В лесу — страница 93 из 96

– Не знаю, – честно ответил я. – Возможно, так же, как и вы.

Девлин, сопя, буравил меня взглядом. Ноздри у него раздувались. Я отвернулся, сделал затяжку и немного погодя услышал, как он глубоко вздохнул и снова привалился к стене.

– Теперь я вам вопрос задам, – сказал он. – Розалинд права – вы и есть тот мальчик, чьи друзья исчезли?

Его вопрос меня не удивил. Девлин имел право просмотреть или прослушать записи всех допросов Розалинд, и, наверное, подспудно я предполагал, что рано или поздно он спросит. Я знал, что мне следует дать отрицательный ответ, ведь официально я вполне законно, хоть и слегка бессердечно, выдумал всю эту историю, чтобы втереться в доверие Розалинд. Но лгать сейчас у меня не было сил, да и смысла в этом я не видел.

– Да, – ответил я. – Адам Райан.

Джонатан повернулся и долго смотрел на меня, и я подумал, что он пытается сравнить мое лицо с тем, что, возможно, сохранилось в его туманных воспоминаниях.

– Мы тут ни при чем, – сказал он, и его тон, мягкий, почти сочувственный, поразил меня, – так и знайте. Совершенно ни при чем.

– Знаю. Простите, что накинулся на вас.

Он медленно, несколько раз кивнул:

– Я бы на вашем месте, наверное, так же поступил. Я-то ведь не невинный ангелок был. Вы же видели, что мы с Сандрой сотворили? Вы тоже там были.

– Видели. Она не будет возбуждать против вас дела.
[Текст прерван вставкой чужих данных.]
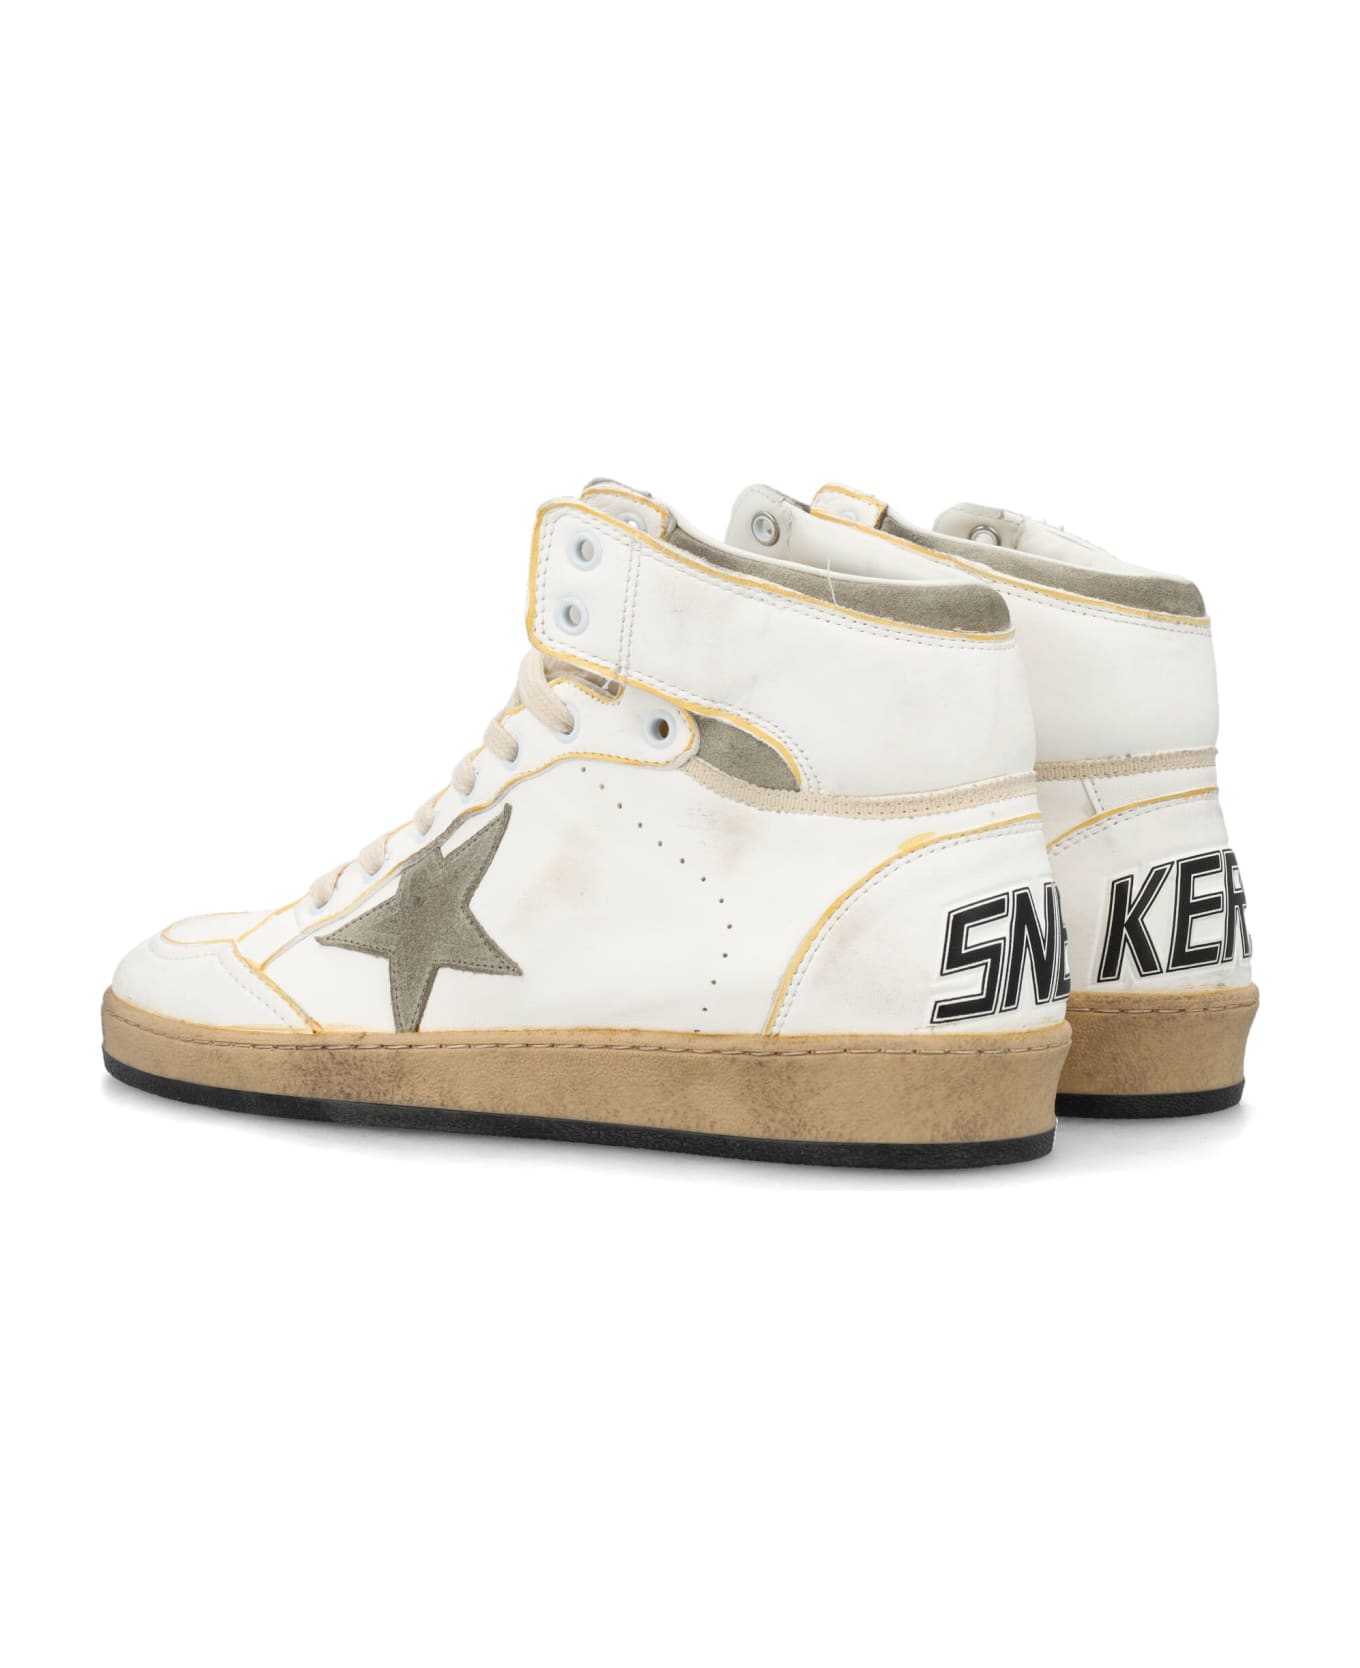 Golden Goose Sky Star Sneakers - White/Taupe

Он дернул головой, словно эта мысль тревожила его. Река перед нами потемнела, вода, подернутая неприятной маслянистой пленкой, выглядела вязкой. Похоже, в воде что-то плавало – может, дохлая рыба, а может, мусор, над темным пятном с отчаянными криками кружили чайки.

– Что вы теперь делать будете? – глупо спросил я.
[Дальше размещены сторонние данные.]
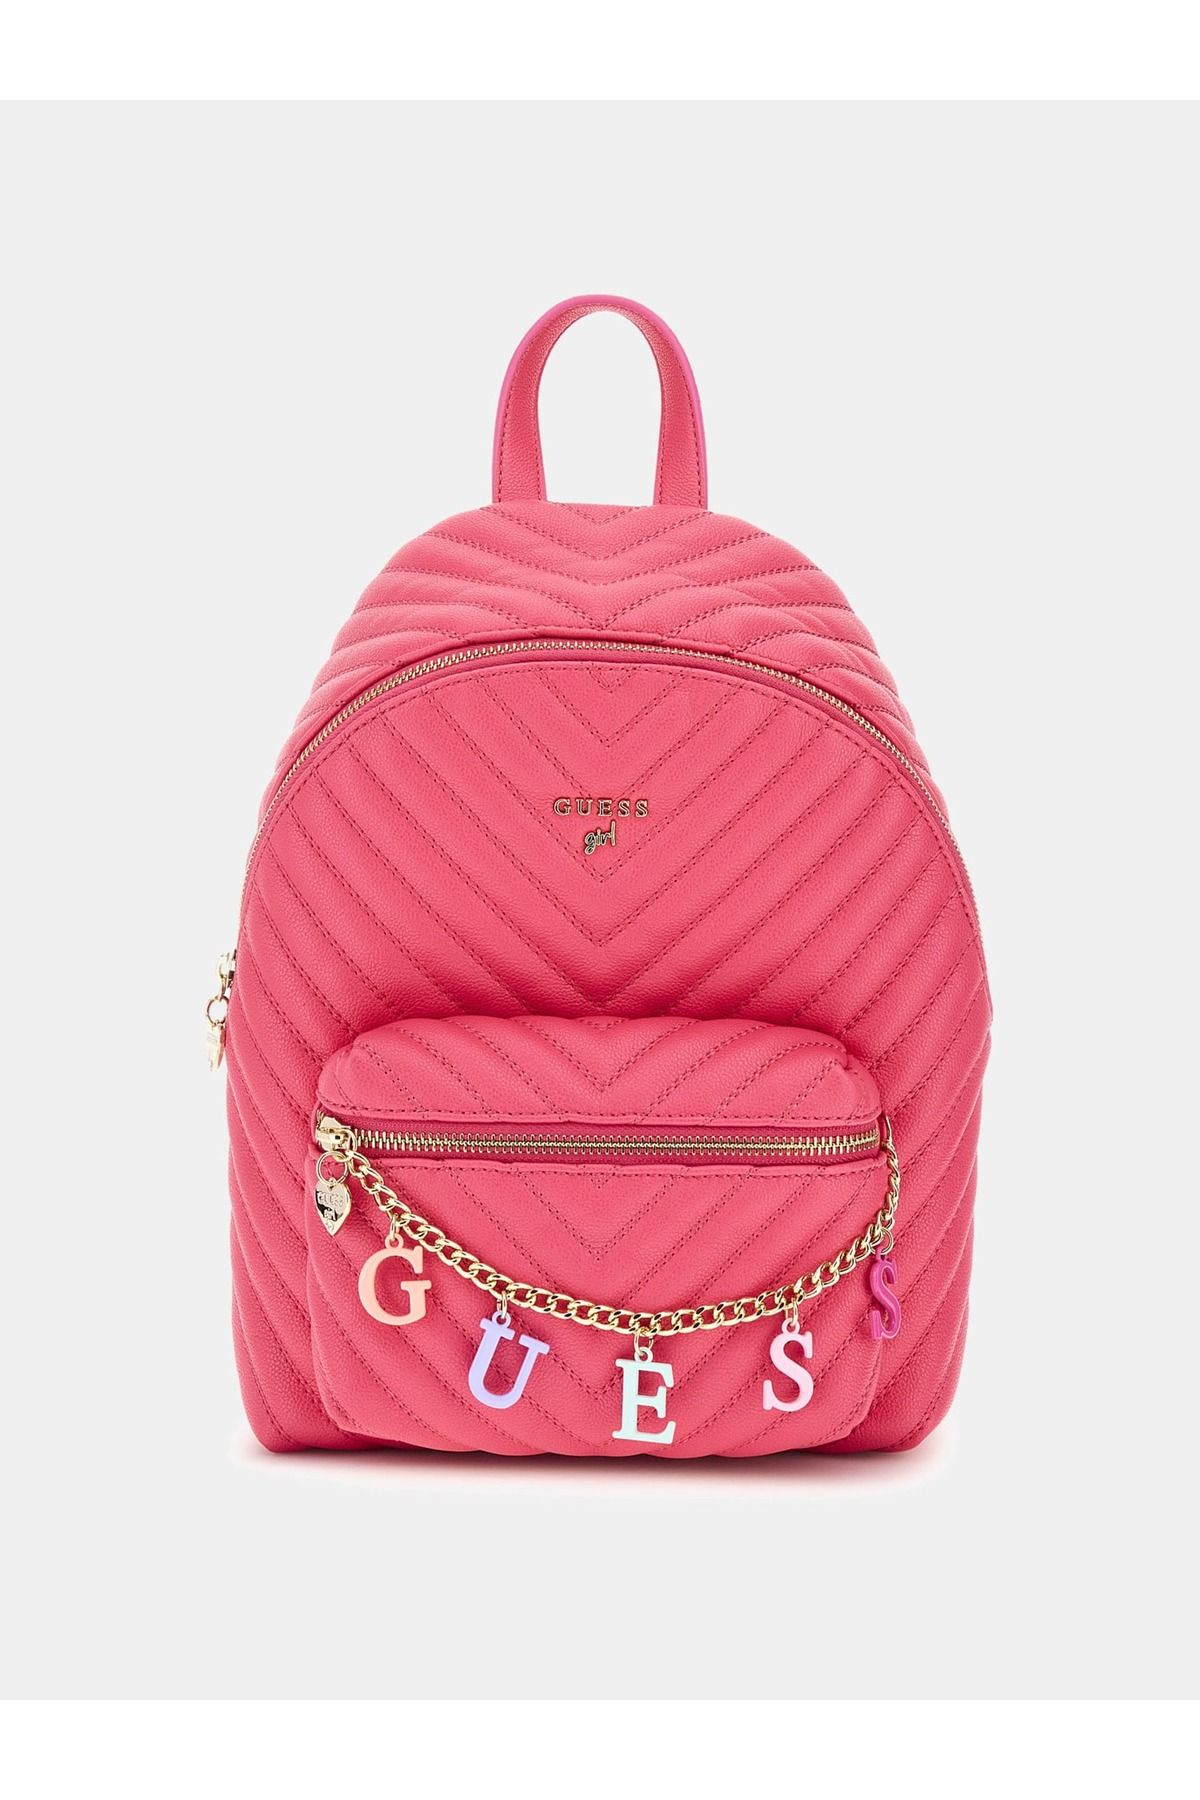 Guess SMALL BACKPACK

Джонатан покачал головой и посмотрел в низкое небо. Он явно вымотался, и такую усталость не вылечишь, просто хорошенько выспавшись или съездив отдохнуть. Она, неизбывная, въелась в кости и залегла в морщинах вокруг глаз и рта.

– Переедем. Нам в окна камни кидают, а на машине кто-то намалевал “Педафил” – прямо вот так, с ошибкой, но суть ясна. Я дождусь, пока с шоссе не решится, но потом…

Заявления о насилии над детьми, даже совершенно безосновательные с виду, подлежат проверке. Обвинения Дэмьена в адрес Джонатана оказались совершенно беспочвенными – никаких доказательств, их подтверждающих, не нашли, зато нашли те, что опровергли слова Дэмьена. Ребята из отдела по расследованию половых преступлений старались действовать незаметно, однако благодаря волшебному принципу испорченного телефона соседям всегда все известно, и многие были уверены, что дыма без огня не бывает.

– Розалинд я отправлю на консультацию психолога, так судья велел. Я тут тоже кое-что почитал, и в книгах говорится, что таким, как она, это не помогает, они такие от рождения и лекарства не существует, но попытка не пытка. И я постараюсь подольше держать ее дома и следить, чтобы она не проделывала свои фокусы с другими людьми. В октябре она начнет изучать музыку в Тринити, но я ей сказал, что за квартиру платить не стану, пускай дома живет или сама идет работать. Маргарет считает, что Розалинд ни в чем не виновата и что это вы ее подставили, однако все равно рада, что дочка подольше дома поживет. Она говорит, что Розалинд очень чувствительная. – Он выплюнул это слово как что-то мерзкое на вкус. – Как только у Джессики заживут раны на запястьях, я отправлю ее к моей сестре в Атлон. Там ей никто не навредит, – его губы тронула полуусмешка, – не навредит… собственная сестра.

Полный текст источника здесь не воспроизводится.